Haiti’s Painful Evolution from Promised Land to Migrant-Sending Nation

Haitian_national_palace_earthquake

The Haitian National Palace in Port-au-Prince was heavily damaged after the 2010 earthquake. (Photo: UN Development Program)

In recent decades Haiti has been predominantly a migrant-sending country, with large numbers of its nationals scattered across the Western hemisphere. Yet it was not always this way. Haiti, the world’s first free Black republic, was for more than a century regarded as a destination for migrants from abroad. As a promised land for formerly enslaved people from the United States, a marketplace for Arab merchants, and then a jewel in the budding U.S. empire, Haiti was the destination for a range of migrants.

The trend has changed more recently. Haiti now has about 1.6 million more of its nationals abroad than it has received from other countries. Haitians make up the largest immigrant group in neighboring Dominican Republic, account for more than 680,000 people in the United States, and have spread throughout the Americas. This migration has captured headlines in the wake of disasters such as a massive earthquake in 2010 that left hundreds of thousands dead or injured and Hurricane Matthew in 2016, which devastated large parts of the still-reeling country.

Yet as they have ventured abroad, many Haitian migrants have found themselves unwanted. They have been the target of repeated discrimination in the Dominican Republic and have faced anti-immigrant rhetoric from the Bahamas to Chile. Far from the promise of a liberated island paradise, Haiti, which is the poorest country in the Western hemisphere, often finds its nationals denigrated abroad. 

This country profile explores historical and contemporary flows of migrants to and from Haiti, beginning with its independence in the 19th century and proceeding to the present day.

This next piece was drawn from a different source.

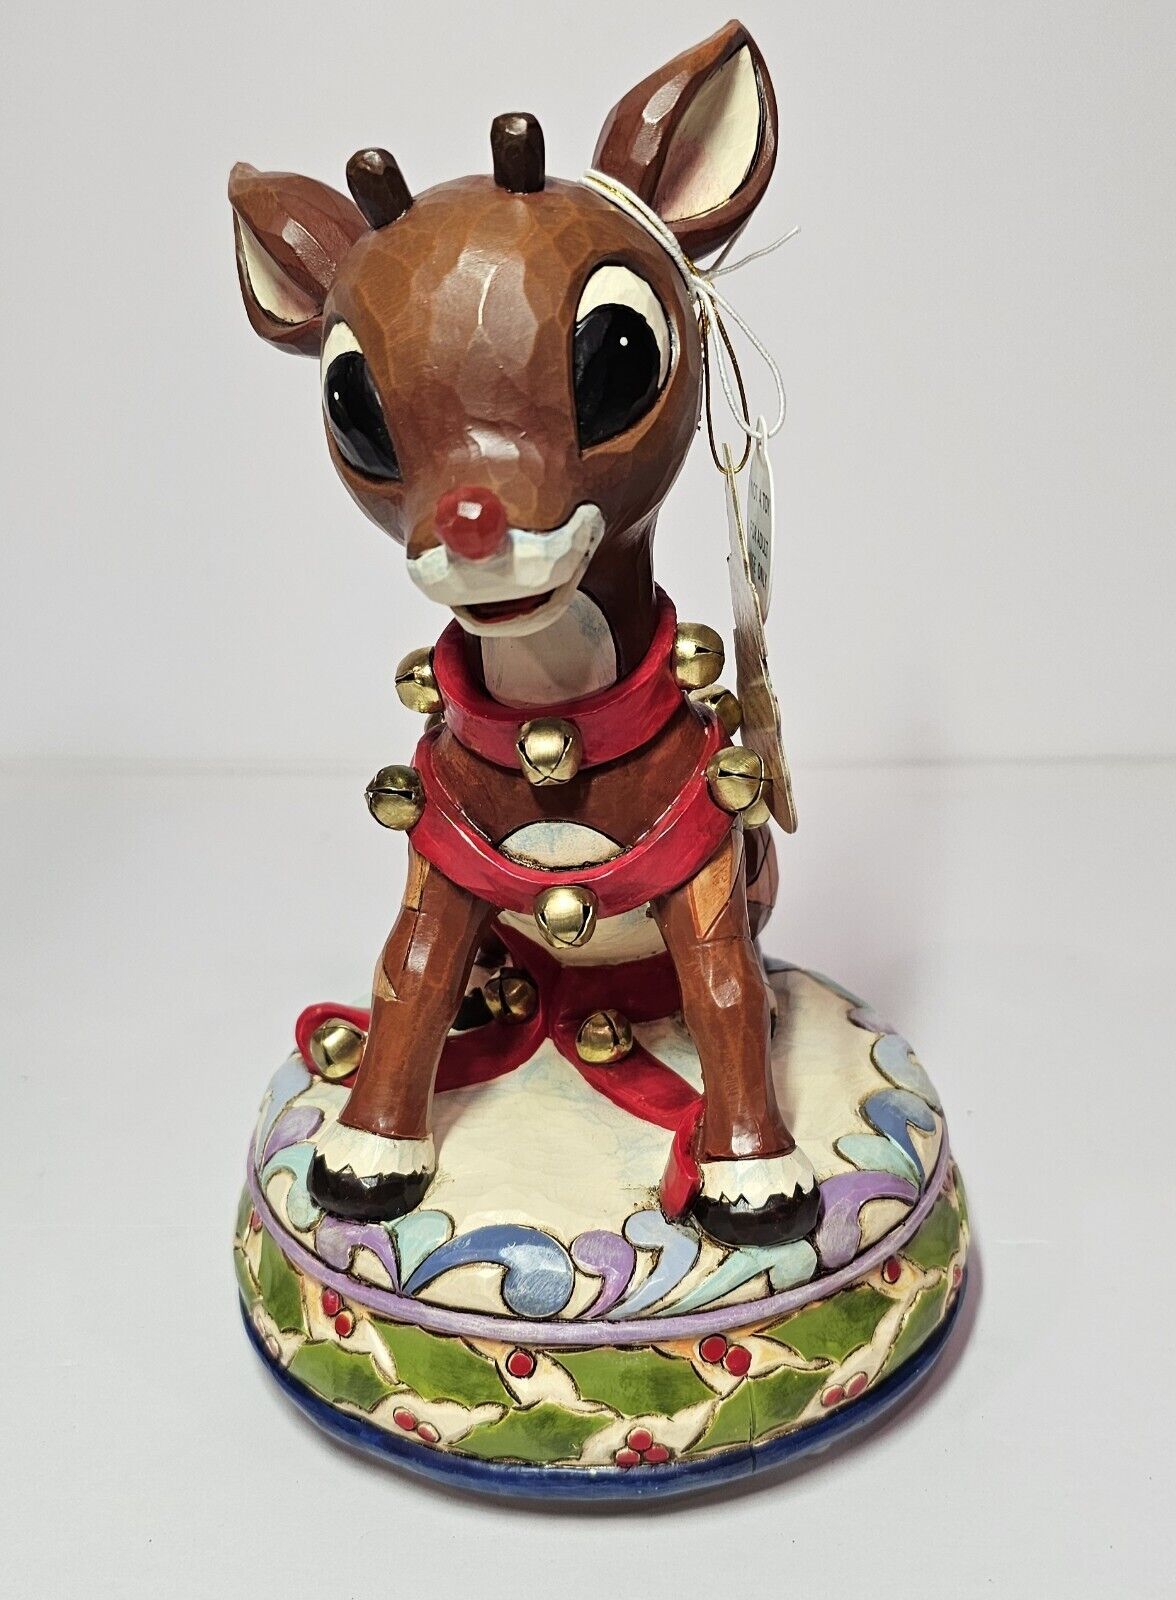 Rudolph The Red Nosed Reindeer Traditions Musical Figurine Jim Shore Enesco 2009

A Dream for the Formerly Enslaved

In 1697 Spain signed the Ryswick Treaty, bringing to an end the Nine Years’ War and surrendering the western section of the island of Hispaniola to France, which renamed it Saint Domingue. Over the next 100 years, Saint Domingue became the richest of Europe’s colonies and an important economic outpost for France. However, as the colonial system grew more and more oppressive, an alliance of enslaved peoples, freed Blacks, and people of mixed race mounted a revolt in Saint Domingue. In 1804 they triumphed and created the Americas’ first independent Black nation—a singular development amid a global system undergirded by slavery. While news from the new nation was censored by colonial powers, which regarded Haiti as a pariah state, U.S. enslaved people and freedmen eventually learned of its independence from sailors, the anti-slavery press, ministers, and other sources.

Soon, followers in the United States were singing the praises of the Haitian Revolution, which became a powerful metaphor of freedom and equality throughout the Atlantic. For their part, Haitian leaders forced the issue of slave emancipation onto the global agenda and offered their country as a haven to the oppressed. The symbolism of the Haitian Revolution resonated as far as Greece.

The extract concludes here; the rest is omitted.